Optimizing Antibiotic Use in Respiratory Infections: From Evidence to Implementation

Over the past eight years, Noémie Boillat Blanco’s research has concentrated on clinical trials evaluating interventions aimed at optimizing antibiotic prescribing and ensuring patient safety in community-acquired respiratory tract infections. With the growing threat of antibiotic resistance, improving antibiotic has become a critical priority. She designs and tailors interventions to fit specific healthcare settings, enhancing their impact and usability.

  • As the Principal Investigator of an NRP72-funded project (SNSF grant 407240_167133/1), she demonstrated that point-of-care procalcitonin (PCT POC) testing led to a cost-effective 26% absolute reduction in 28-day antibiotic prescriptions compared to usual care [1, 2]. These findings contributed to the Swiss Society for Infectious Diseases incorporating procalcitonin into pneumonia treatment guidelines.
  • She is also the co-Principal Investigator of the "ImPro" study (SNSF grant 32003B_212429), which evaluates the best strategy for implementing PCT POC in real-world clinical practice to assess its impact on antibiotic use [3].
  • In parallel, she leads an IICT-funded proposal, the "PLUS IS LESS" trial (SNSF grant 33IC30_201300): this multicenter study, conducted across nine Swiss emergency departments, assesses a multimodal algorithm combining point-of-care lung ultrasound and procalcitonin testing to guide antibiotic therapy [4].

Selected publications:

[1] Lhopitallier L, Kronenberg A, Meuwly JY, Locatelli I, Müller Y, Senn N, D’Acremont V, Boillat-Blanco N. Procalcitoninand lung ultrasonography point-of-care testing to determine antibiotic prescription in patients with lower respiratory tract infection in primary care: pragmatic cluster randomized trial. BMJ 2021; 374: n2132. DOI.
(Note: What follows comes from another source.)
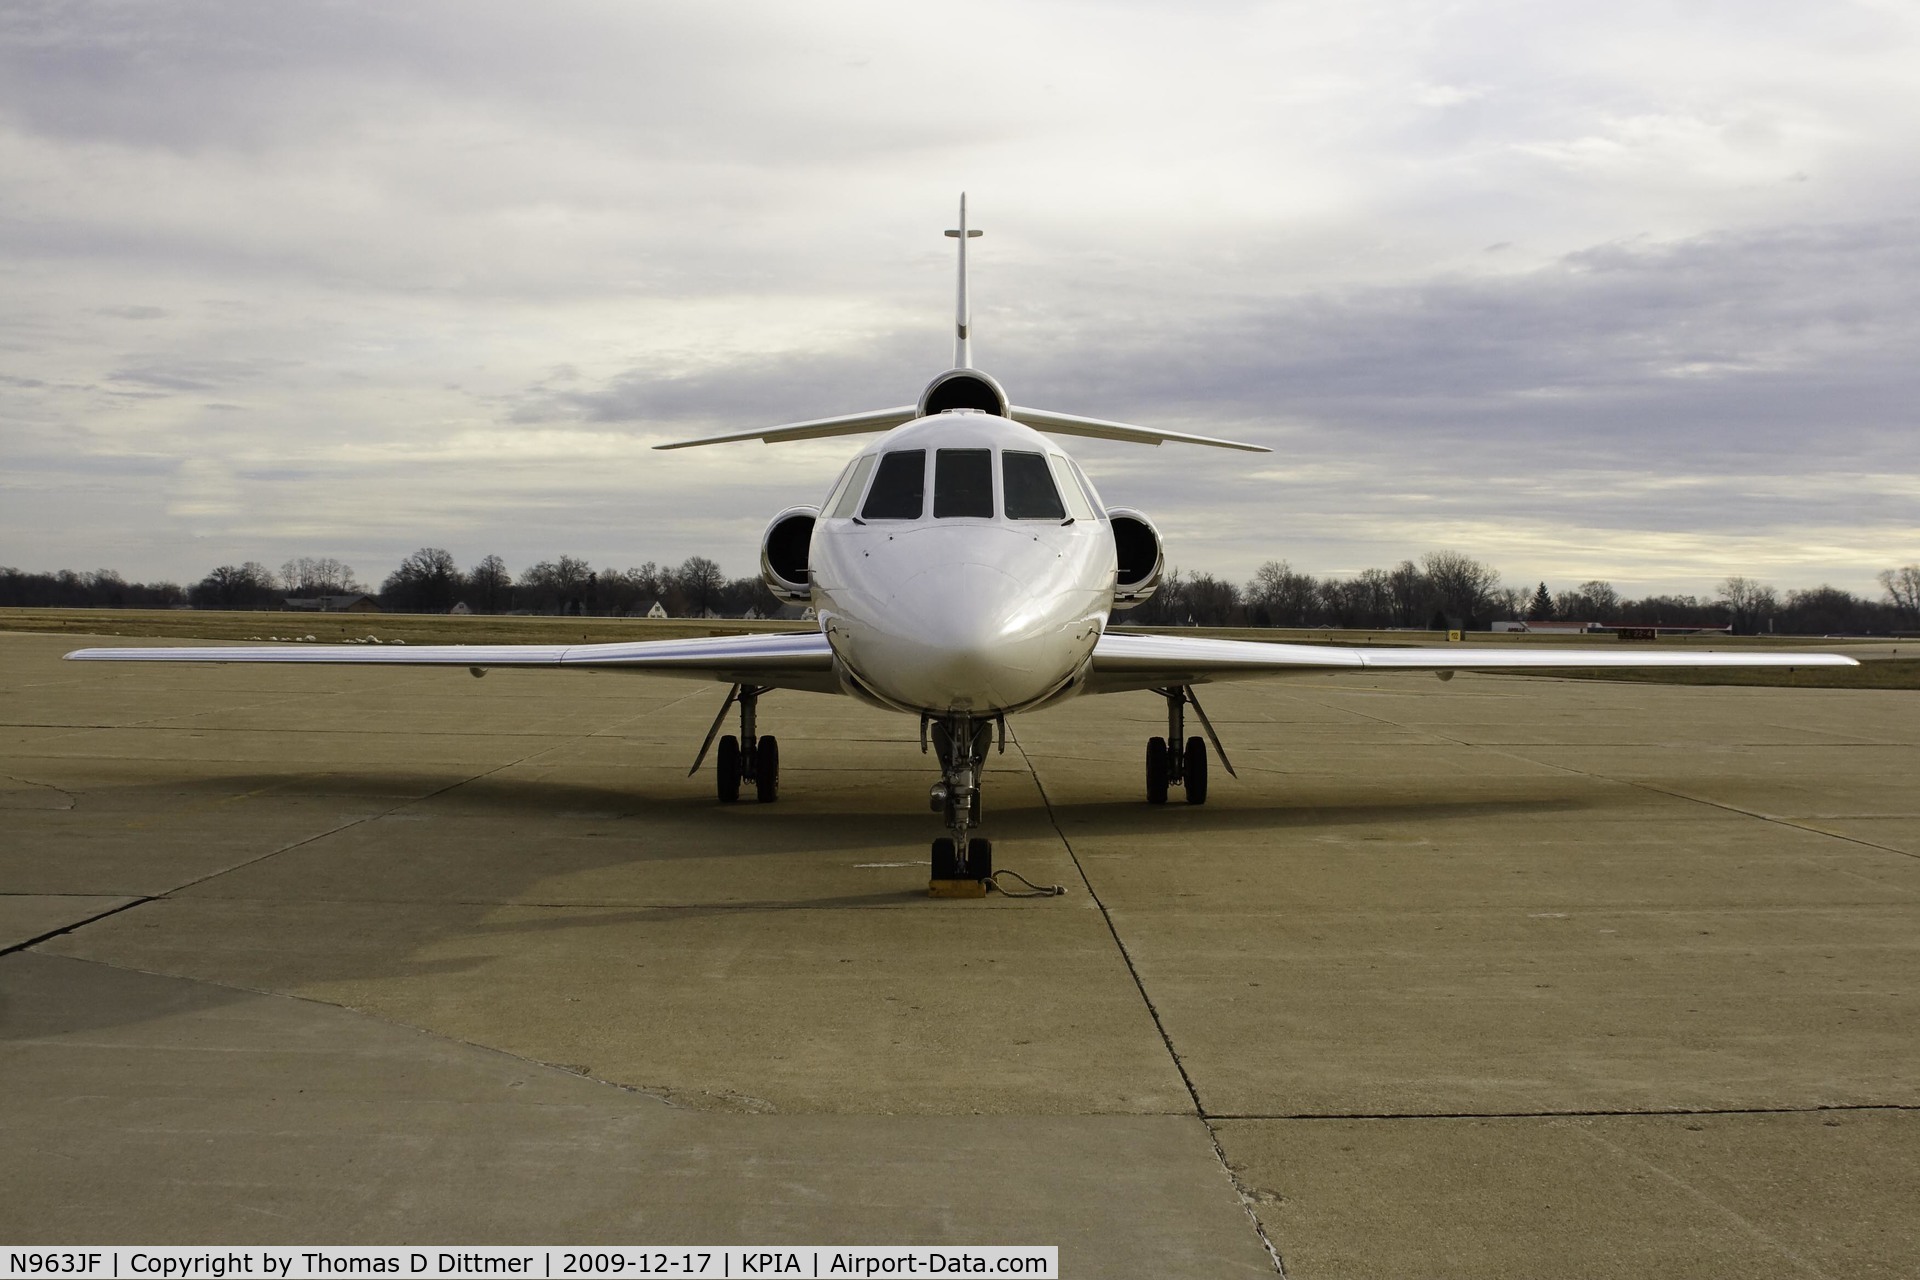 N963JF, 1980 Dassault Falcon 50 C/N 18, N963Jf

[2] Cisco G, Meier AN, Senn N, Mueller Y, Kronenberg A, locatelli I, Knüsli J, Lhopitallier L, Boillat-Blanco N, Marti J. Cost-effectiveness analysis of procalcitonin and lung ultrasonography guided antibiotic prescription in primary care. Eur J Health Econ 2025; 26: 129. DOI.
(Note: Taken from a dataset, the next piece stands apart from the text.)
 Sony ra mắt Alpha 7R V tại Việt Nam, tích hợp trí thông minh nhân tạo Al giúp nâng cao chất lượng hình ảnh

[3] Wolfensberger A, Gendolla SC, Dunaiceva J, Plüss-Suard C, Niquille A, Nicolet A, Marti J, Powell BJ, Naef R, Boillat-Blanco N, Mueller Y, Clack L. Systematic method for developing tailored strategies for implementing point-of-care procalcitonin testing to guide antibiotic  prescribing in Swiss primary care: a protocol for a mixed-methods participatory approach. BMJ Open 2025; 15: e091285. DOI.
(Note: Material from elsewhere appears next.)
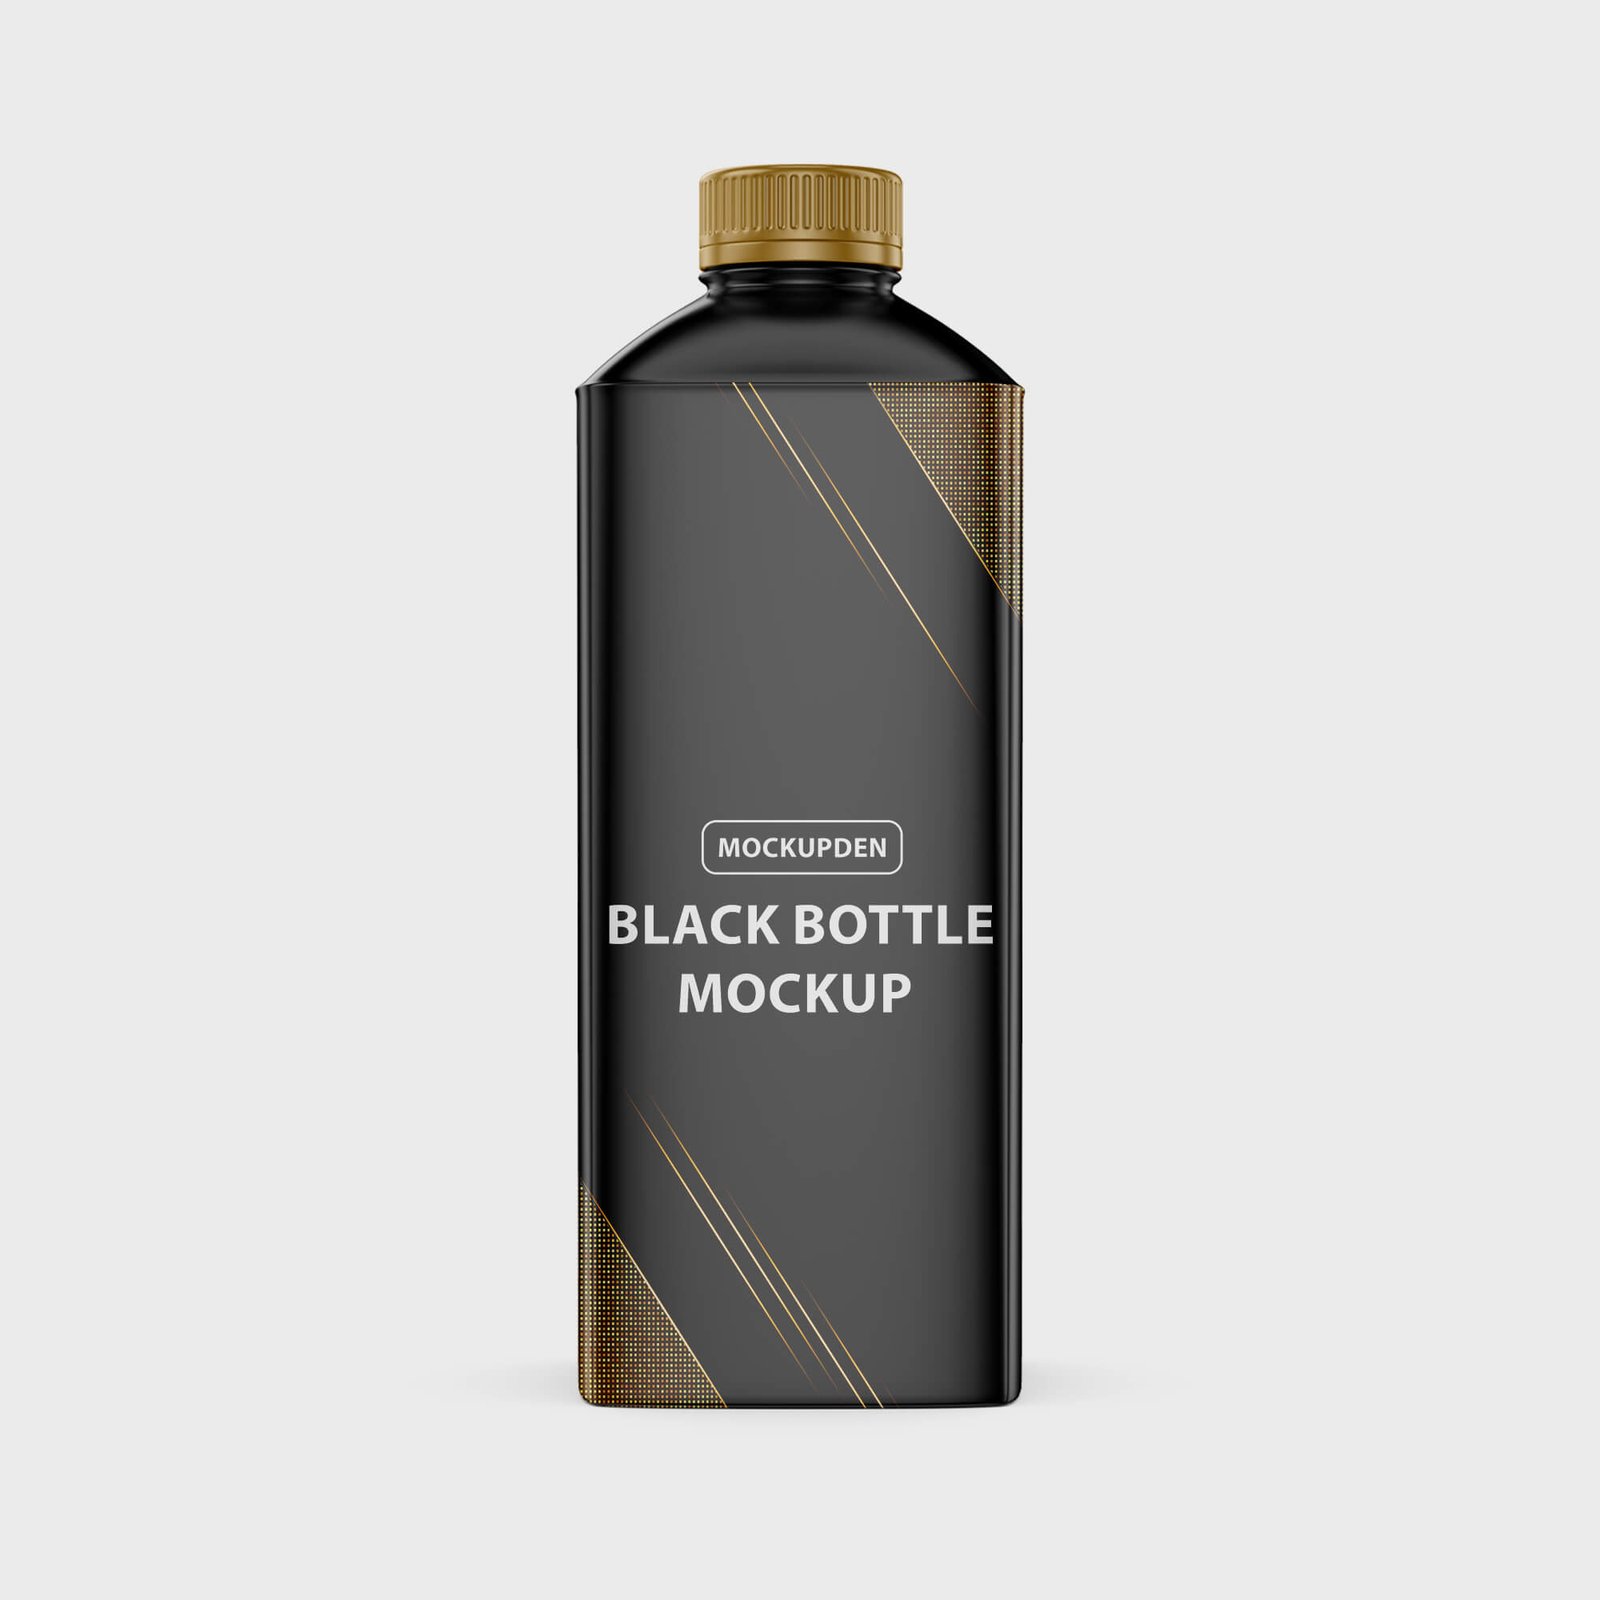 Design Free Black Bottle Mockup PSD Template

[4] Bessat C, Bingisser R, Schwendinger M, Bulaty T, Fournier Y, Della Santa V, Pfeil M, Schwab D, Leuppi JD, Heigy N, Steuer S, Roos F, Christ M, Sirova A, Espejo T, Riedel H, Atzl A, Napieralski F, Marti J, Cisco G, Foley RA, Schindler M, Hartley MA, Fayet A, Garcia E, Locatelli I, Albrich WC, Hugli O, Boillat-Blanco N. PLUS-IS-LESS project: Procalcitonin and Lung UltraSonography based antibiotherapy in patients with Lower rESpiratory tract infection in Swiss Emergency Departments: study protocol for a pragmatic stepped-wedge cluster randomized trial. Trials 2024; 25: 86. DOI.